• **Task item**:
Would you output the listing exactly, with every image omitted?

• **Available data**:
-----

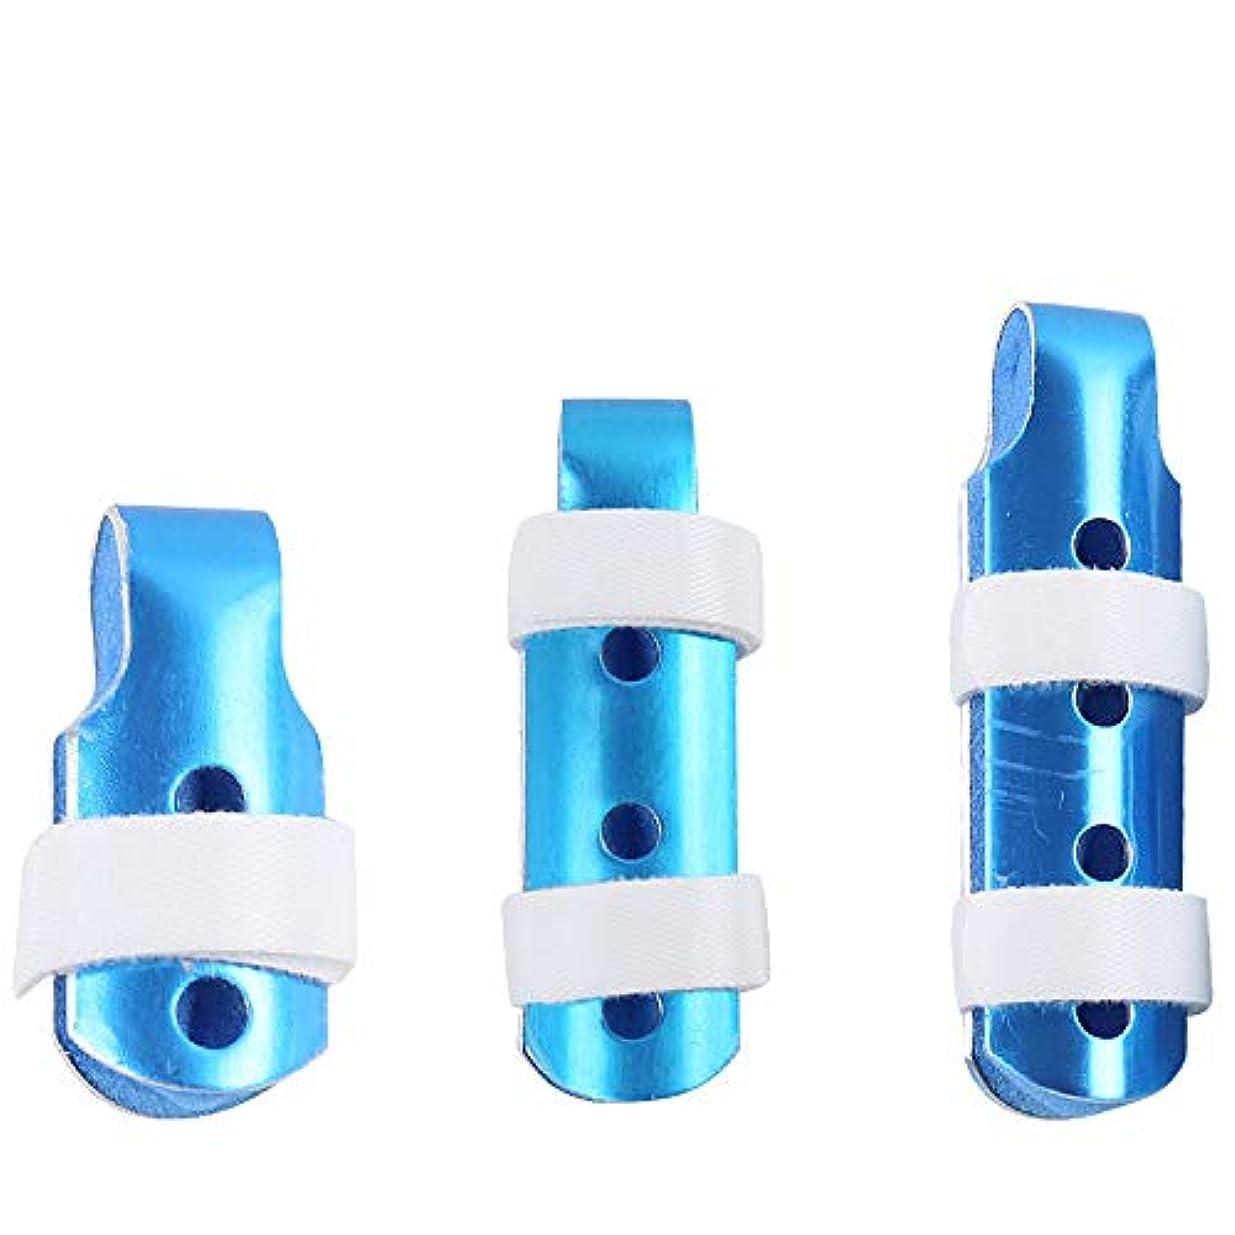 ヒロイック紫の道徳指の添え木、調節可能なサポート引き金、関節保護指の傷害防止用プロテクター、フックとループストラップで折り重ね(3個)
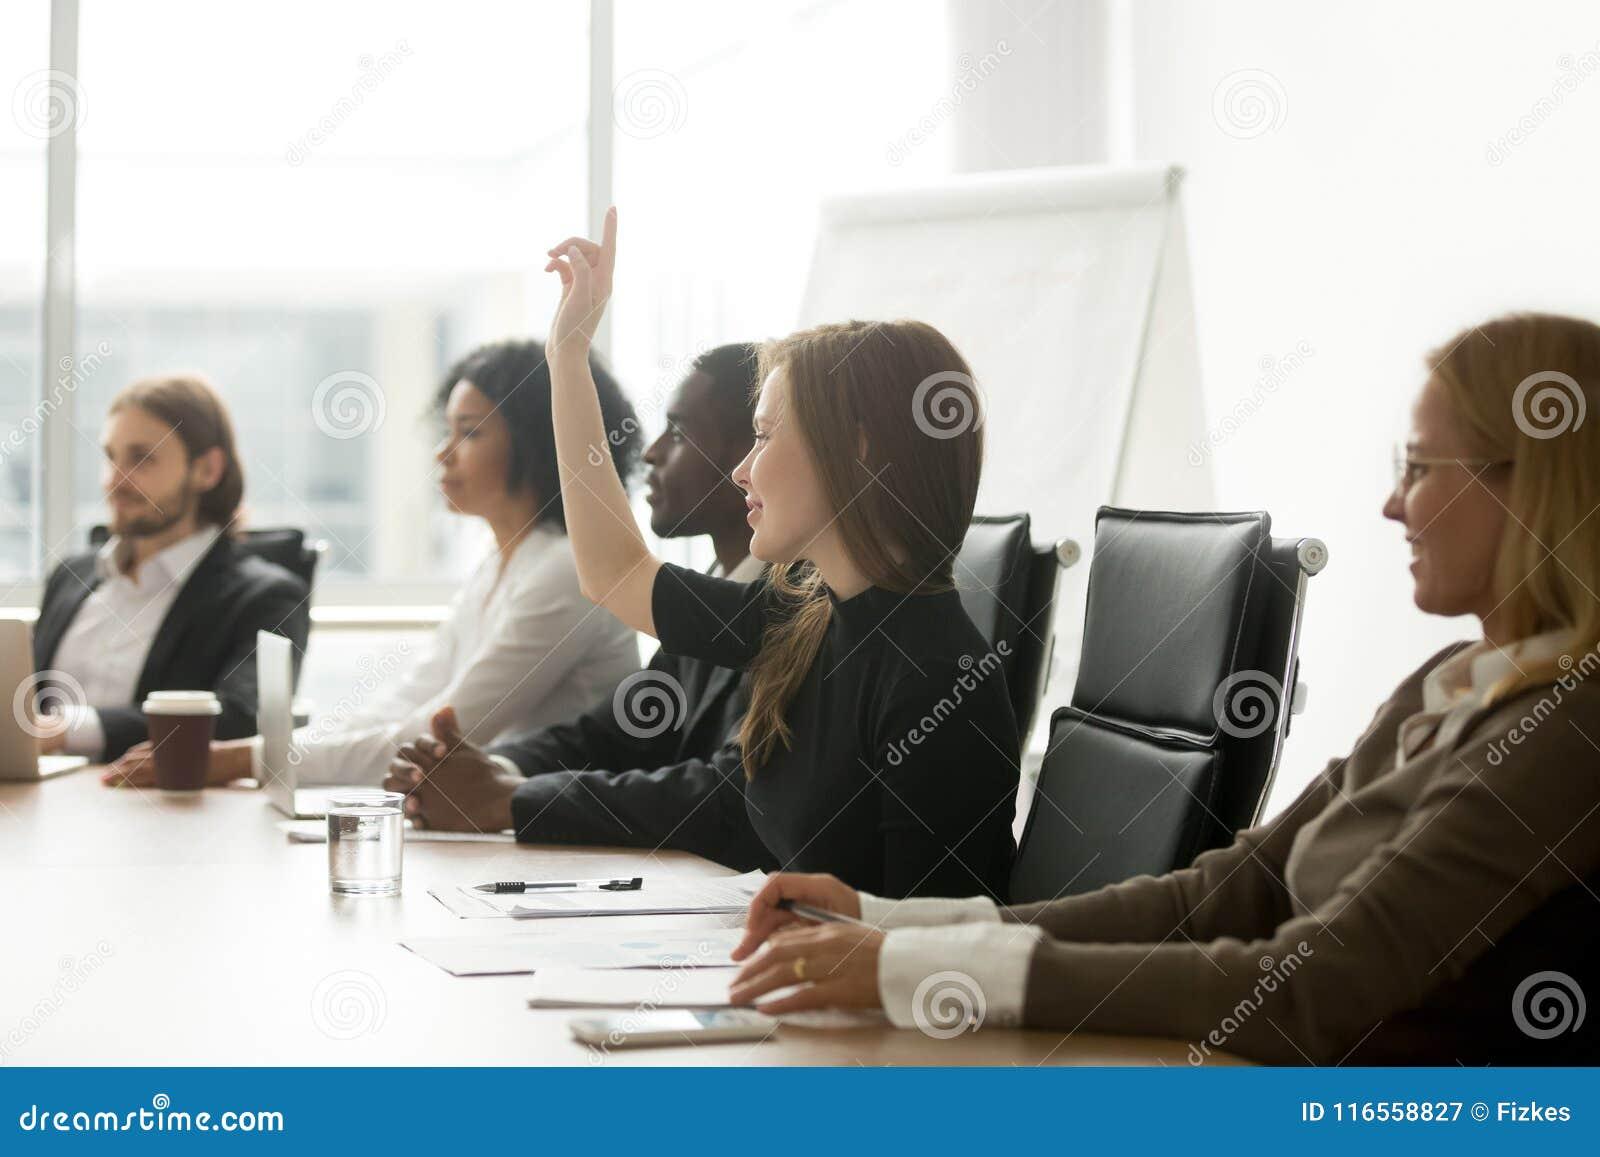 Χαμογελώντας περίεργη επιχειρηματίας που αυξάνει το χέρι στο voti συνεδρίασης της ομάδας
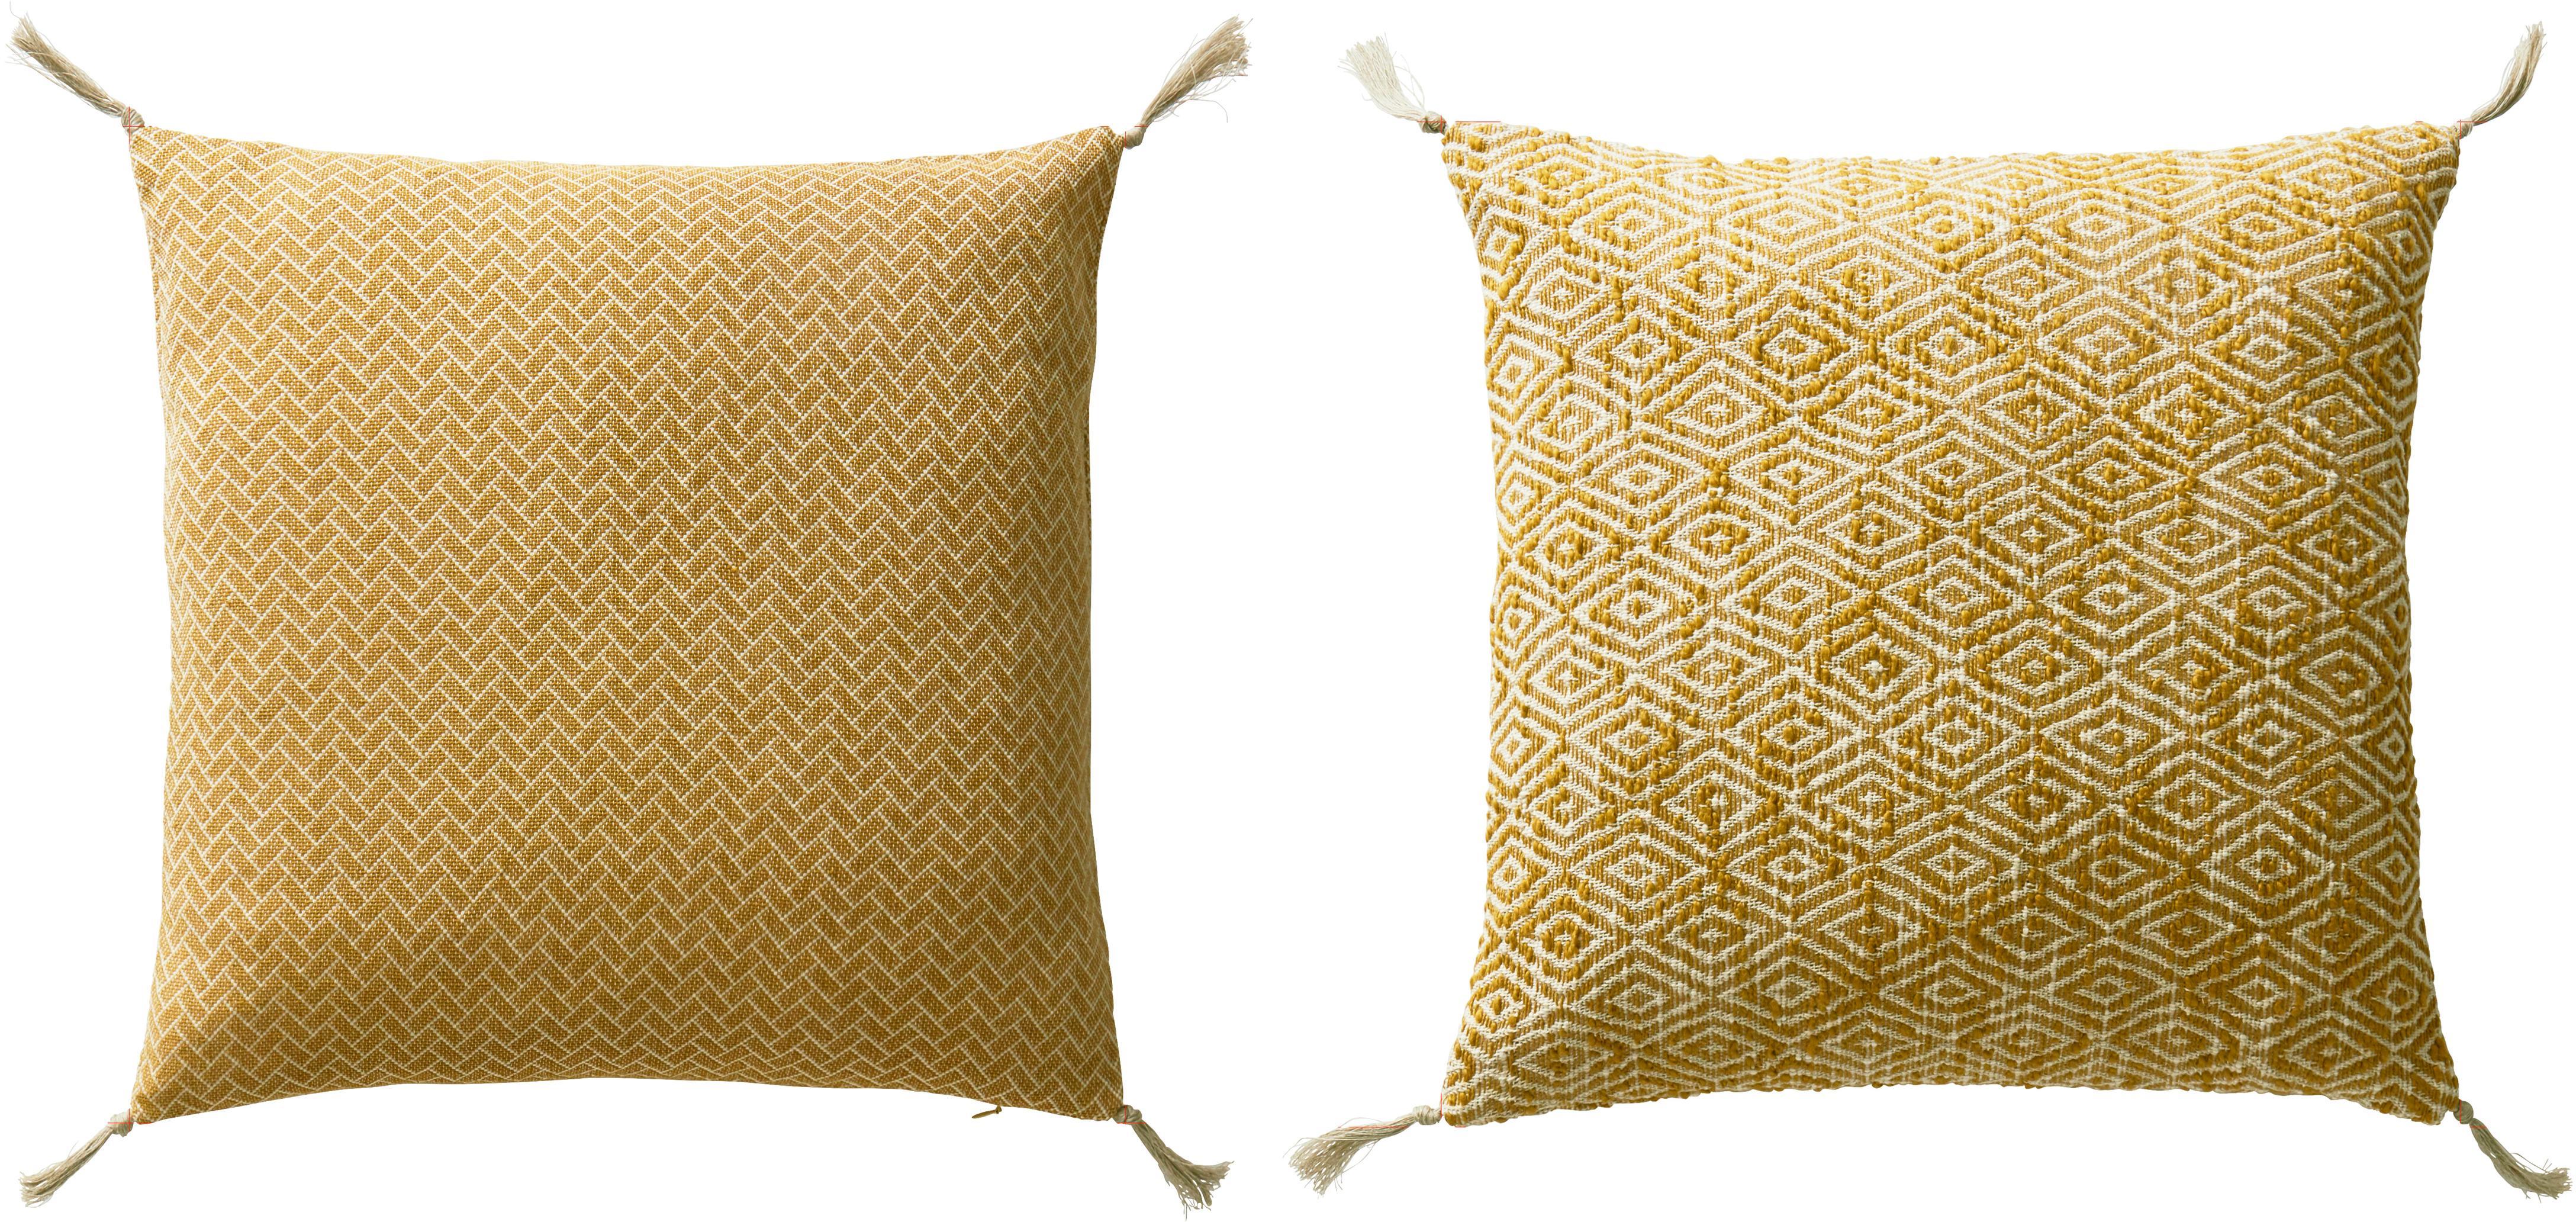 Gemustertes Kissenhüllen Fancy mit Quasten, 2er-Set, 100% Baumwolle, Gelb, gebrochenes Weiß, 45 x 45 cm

-----

• **Answer to this task**:
 ヒロイック紫の道徳指の添え木、調節可能なサポート引き金、関節保護指の傷害防止用プロテクター、フックとループストラップで折り重ね(3個)
 Χαμογελώντας περίεργη επιχειρηματίας που αυξάνει το χέρι στο voti συνεδρίασης της ομάδας
 Gemustertes Kissenhüllen Fancy mit Quasten, 2er-Set, 100% Baumwolle, Gelb, gebrochenes Weiß, 45 x 45 cm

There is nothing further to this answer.